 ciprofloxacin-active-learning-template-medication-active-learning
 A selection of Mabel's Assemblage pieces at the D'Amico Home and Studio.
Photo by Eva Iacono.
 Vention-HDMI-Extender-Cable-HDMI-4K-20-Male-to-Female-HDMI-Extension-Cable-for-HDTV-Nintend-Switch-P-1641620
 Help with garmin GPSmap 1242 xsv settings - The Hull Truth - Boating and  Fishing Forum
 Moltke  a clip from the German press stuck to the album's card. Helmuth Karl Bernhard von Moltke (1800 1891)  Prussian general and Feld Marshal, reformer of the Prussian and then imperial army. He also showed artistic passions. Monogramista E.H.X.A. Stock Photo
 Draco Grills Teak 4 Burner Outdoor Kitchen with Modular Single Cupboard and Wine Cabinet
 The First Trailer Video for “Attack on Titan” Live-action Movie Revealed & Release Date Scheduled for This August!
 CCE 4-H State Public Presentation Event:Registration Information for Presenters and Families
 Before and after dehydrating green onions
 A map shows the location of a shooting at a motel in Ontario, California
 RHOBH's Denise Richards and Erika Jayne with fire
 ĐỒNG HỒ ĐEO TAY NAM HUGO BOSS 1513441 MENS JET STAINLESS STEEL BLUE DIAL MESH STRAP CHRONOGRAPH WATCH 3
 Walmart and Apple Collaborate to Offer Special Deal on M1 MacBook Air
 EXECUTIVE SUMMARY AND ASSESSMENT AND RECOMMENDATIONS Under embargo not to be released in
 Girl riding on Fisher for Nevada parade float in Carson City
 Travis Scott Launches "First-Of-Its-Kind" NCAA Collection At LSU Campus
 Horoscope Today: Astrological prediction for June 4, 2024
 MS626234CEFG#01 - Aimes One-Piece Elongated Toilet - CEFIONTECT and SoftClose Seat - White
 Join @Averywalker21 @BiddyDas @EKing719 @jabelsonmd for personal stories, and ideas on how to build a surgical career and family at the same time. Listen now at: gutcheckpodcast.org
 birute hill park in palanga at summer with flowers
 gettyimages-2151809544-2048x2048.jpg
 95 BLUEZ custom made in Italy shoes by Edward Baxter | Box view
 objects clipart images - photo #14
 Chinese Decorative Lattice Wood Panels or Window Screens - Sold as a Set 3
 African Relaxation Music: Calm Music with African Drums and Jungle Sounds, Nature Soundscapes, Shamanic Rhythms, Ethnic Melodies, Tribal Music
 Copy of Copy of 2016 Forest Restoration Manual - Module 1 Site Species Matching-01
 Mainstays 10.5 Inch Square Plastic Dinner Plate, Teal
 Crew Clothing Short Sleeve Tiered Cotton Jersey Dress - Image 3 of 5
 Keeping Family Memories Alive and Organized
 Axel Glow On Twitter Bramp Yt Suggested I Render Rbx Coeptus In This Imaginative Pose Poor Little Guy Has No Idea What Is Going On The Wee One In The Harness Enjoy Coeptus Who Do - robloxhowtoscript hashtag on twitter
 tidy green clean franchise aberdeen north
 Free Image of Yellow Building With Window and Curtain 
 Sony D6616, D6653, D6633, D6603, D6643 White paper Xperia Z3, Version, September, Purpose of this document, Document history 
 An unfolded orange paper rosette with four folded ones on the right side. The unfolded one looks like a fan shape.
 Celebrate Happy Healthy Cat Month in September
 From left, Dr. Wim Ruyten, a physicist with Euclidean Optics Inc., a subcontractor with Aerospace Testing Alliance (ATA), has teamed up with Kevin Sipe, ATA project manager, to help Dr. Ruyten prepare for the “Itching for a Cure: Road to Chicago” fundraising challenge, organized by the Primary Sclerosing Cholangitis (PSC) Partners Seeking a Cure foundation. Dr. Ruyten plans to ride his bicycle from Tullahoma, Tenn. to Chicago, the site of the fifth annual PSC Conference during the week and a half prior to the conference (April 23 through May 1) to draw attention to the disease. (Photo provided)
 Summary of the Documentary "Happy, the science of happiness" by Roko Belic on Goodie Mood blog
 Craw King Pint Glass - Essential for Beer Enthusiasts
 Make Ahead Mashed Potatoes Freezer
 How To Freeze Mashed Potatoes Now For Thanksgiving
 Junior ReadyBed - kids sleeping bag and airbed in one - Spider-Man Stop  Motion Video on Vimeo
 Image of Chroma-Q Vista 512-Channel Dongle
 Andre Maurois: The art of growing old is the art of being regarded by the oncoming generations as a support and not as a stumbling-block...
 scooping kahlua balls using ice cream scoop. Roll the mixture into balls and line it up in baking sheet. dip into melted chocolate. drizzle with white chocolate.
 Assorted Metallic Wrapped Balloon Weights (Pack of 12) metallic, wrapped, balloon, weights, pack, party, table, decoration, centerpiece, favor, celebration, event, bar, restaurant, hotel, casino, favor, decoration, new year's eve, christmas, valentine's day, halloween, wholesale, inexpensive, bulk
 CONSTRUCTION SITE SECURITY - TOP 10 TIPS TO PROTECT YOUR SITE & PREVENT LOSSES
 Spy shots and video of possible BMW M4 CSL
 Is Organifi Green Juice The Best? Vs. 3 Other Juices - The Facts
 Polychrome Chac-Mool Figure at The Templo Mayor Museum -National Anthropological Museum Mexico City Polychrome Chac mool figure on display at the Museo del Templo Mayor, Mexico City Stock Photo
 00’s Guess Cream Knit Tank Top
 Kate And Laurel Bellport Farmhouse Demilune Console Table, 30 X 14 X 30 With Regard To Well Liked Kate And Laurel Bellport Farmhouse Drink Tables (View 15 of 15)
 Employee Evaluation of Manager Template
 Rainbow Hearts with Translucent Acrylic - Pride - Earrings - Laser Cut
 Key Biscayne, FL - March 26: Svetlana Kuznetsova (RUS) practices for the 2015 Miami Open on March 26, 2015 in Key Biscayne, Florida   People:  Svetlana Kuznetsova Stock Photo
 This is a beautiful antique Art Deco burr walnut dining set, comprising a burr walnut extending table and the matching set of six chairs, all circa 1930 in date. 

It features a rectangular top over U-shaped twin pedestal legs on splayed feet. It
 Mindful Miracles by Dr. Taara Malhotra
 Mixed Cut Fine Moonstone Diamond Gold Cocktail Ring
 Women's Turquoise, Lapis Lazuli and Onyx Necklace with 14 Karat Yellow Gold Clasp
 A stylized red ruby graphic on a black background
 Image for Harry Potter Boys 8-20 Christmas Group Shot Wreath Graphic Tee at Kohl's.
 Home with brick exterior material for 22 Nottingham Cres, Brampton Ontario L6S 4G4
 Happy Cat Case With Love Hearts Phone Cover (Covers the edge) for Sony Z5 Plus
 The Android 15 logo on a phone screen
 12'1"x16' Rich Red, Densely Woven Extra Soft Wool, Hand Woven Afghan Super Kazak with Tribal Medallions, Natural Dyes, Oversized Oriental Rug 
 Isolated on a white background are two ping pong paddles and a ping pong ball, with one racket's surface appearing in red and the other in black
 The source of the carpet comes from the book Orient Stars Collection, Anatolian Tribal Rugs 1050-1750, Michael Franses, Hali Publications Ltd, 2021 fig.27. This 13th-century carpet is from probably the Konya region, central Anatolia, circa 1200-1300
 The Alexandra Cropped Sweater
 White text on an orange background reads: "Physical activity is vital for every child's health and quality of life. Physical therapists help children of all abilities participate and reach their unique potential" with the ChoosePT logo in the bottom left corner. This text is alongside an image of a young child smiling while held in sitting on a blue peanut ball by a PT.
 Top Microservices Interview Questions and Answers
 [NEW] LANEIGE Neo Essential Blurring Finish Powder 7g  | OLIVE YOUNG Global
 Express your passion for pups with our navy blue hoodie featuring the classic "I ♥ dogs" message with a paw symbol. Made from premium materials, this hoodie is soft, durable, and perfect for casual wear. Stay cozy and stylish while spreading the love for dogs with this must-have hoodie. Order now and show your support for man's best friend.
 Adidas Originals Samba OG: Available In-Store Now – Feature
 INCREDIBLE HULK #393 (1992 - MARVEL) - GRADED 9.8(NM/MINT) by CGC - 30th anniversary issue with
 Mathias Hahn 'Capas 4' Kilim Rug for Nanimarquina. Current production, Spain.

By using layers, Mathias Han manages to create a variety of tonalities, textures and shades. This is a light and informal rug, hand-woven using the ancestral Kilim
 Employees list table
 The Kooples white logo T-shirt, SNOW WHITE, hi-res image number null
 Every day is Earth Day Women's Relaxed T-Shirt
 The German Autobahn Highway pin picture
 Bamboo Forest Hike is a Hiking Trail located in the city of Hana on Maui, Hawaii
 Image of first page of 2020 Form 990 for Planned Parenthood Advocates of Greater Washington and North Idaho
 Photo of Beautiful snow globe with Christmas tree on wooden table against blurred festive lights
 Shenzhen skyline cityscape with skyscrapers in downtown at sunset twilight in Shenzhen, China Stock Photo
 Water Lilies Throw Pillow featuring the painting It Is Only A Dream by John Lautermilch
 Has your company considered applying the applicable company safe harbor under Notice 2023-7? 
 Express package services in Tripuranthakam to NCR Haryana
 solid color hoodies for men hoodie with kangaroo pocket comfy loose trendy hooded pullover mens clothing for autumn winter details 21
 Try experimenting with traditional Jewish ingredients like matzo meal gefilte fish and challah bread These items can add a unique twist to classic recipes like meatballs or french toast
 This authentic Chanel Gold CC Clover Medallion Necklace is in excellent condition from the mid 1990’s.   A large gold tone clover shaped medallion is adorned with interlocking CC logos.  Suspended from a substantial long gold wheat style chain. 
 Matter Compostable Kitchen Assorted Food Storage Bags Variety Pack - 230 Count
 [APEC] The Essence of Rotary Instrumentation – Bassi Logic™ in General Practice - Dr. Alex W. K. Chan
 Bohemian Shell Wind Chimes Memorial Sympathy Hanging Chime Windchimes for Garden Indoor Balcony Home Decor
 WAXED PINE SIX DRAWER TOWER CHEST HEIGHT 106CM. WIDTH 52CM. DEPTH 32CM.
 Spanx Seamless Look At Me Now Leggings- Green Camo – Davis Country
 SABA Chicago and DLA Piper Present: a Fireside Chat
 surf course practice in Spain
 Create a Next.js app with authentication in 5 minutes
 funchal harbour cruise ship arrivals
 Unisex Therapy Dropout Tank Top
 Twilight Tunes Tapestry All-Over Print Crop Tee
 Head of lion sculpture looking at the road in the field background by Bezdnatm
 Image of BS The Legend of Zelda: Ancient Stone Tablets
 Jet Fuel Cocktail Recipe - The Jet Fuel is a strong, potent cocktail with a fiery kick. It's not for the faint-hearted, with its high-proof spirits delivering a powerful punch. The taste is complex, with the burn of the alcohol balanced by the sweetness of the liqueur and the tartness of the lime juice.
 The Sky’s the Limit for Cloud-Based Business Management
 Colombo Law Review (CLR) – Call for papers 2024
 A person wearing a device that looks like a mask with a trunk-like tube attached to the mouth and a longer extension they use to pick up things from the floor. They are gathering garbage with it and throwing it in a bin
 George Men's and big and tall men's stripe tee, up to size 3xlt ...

• • • •

- **EXERCISE DETAILS**
Within the material above, show every line that includes "Mashed".

- **WORKED SOLUTION**
 Make Ahead Mashed Potatoes Freezer
 How To Freeze Mashed Potatoes Now For Thanksgiving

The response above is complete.